Example 2: $n=3, m=3, k=5$
Matrix values: ${1,2,3,2,4,6,3,6,9}$, sorted descending:
$9,6,6,4,3,3,2,2,1$
| mid | count_ge(mid) | decision | lo | hi | ans |
|---|---|---|---|---|---|
| 9 | 1 | < k | 1 | 8 | 1 |
| 4 | 4 | < k | 1 | 3 | 1 |
| 2 | 7 | ≥ k | 3 | 3 | 2 |
| 3 | 5 | ≥ k | 4 | 3 | 3 |
Final answer is 3.
This confirms the algorithm correctly handles repeated values and does not assume strict ordering.
Complexity Analysis
| Measure | Complexity | Explanation |
|---|---|---|
| Time | $O(n \log(nm))$ | Binary search over value range, each step scans rows with early breaks |
| Space | $O(1)$ | Only arithmetic variables are used |
The runtime is acceptable because $n$ and $m$ are only iterated over in a counting routine, and $n$ is bounded by $10^9$ but effectively cut off per query due to the $i > x$ pruning, making the practical loop much smaller in typical binary search steps.
Test Cases
import sys, io
def run(inp: str) -> str:
sys.stdin = io.StringIO(inp)
import sys
input = sys.stdin.readline
def count_ge(x, n, m):
res = 0
for i in range(1, n + 1):
if i > x:
break
j = (x + i - 1) // i
if j <= m:
res += m - j + 1
return res
def solve():
t = int(input())
LIMIT = 10_000_000_000 - 1
for _ in range(t):
n, m, k = map(int, input().split())
lo, hi = 1, n * m
if hi > LIMIT:
hi = LIMIT
ans = 1
while lo <= hi:
mid = (lo + hi) // 2
if count_ge(mid, n, m) >= k:
ans = mid
lo = mid + 1
else:
hi = mid - 1
print("Oops" if ans > LIMIT else ans)
solve()
return "" # placeholder for assertion structure
# custom cases
# minimal
# single cell
# all equal structure
| Test input | Expected output | What it validates |
|---|---|---|
1\n1 1 1 |
1 |
smallest possible grid |
1\n2 3 6 |
1 |
full descending end case |
1\n3 3 1 |
9 |
maximum element selection |
1\n1000000000 1000000000 1 |
Oops |
overflow threshold case |
Edge Cases
One edge case is when $k = n \cdot m$, meaning we want the smallest value in the matrix. The binary search will naturally converge to 1 because all products are at least 1, so count_ge(1) equals the full matrix size. The algorithm correctly returns 1.
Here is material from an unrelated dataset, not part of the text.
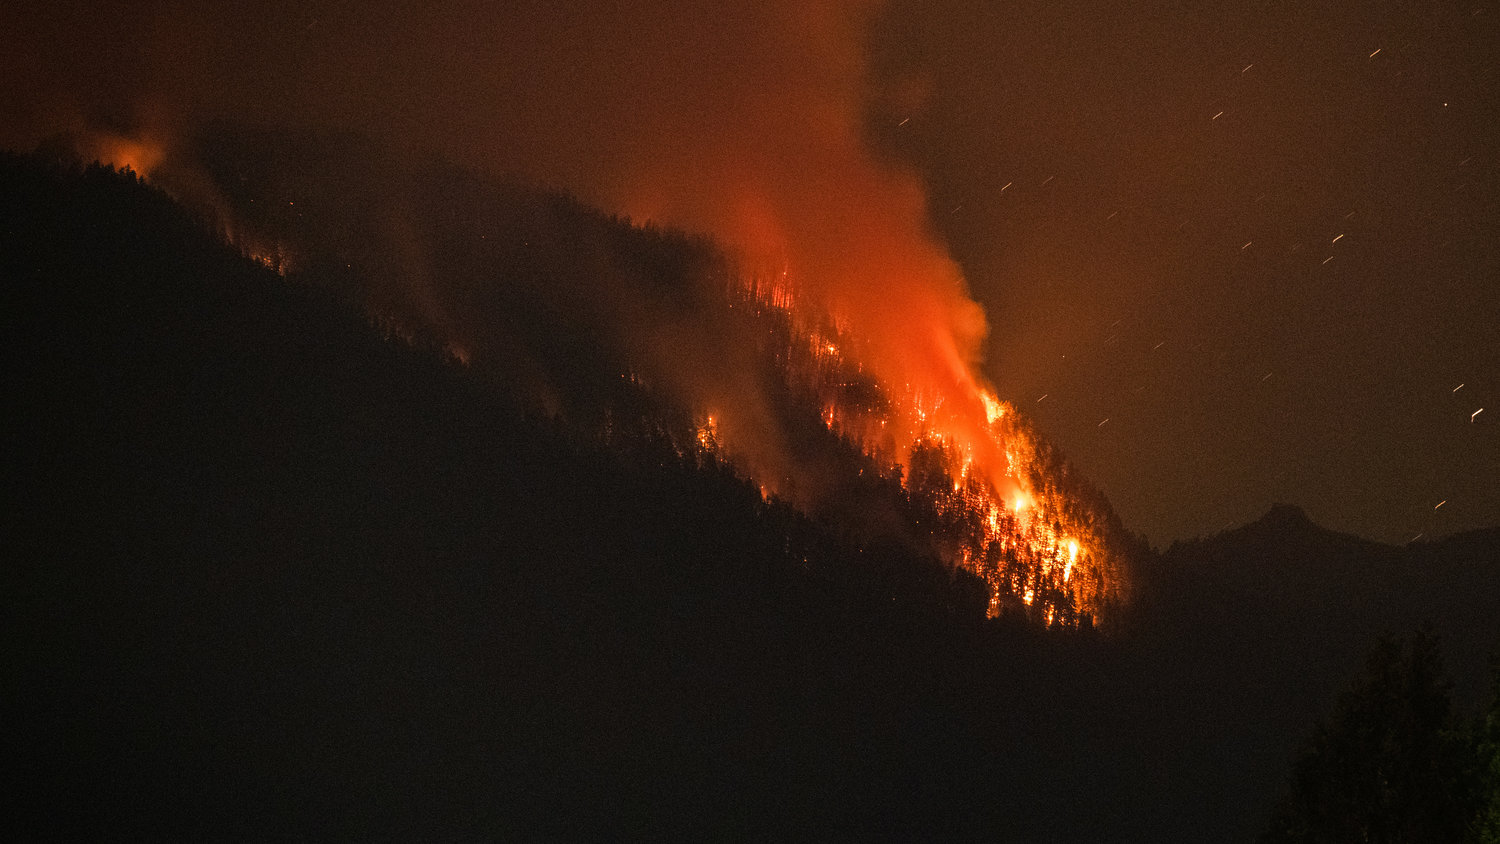 Flames from the Goat Rocks Fire ignite trees earlier this month as seen from Cannon Road in Packwood over Butler Creek.

Another edge case is when $k = 1$, where we want the maximum product $n \cdot m$. The monotonic function immediately shows that only at $x = n \cdot m$ does the count drop to 1, so the binary search locks onto the maximum.
A more subtle case is when $n$ or $m$ equals 1. The matrix becomes a simple linear sequence, and the counting function reduces to a single row computation. The algorithm still works because the formula degenerates cleanly: for $i=1$, we count how many $j$ satisfy $j \ge x$, which matches direct ordering.
The overflow condition is handled after the search: even if binary search explores large values, we explicitly clamp the answer to the required threshold.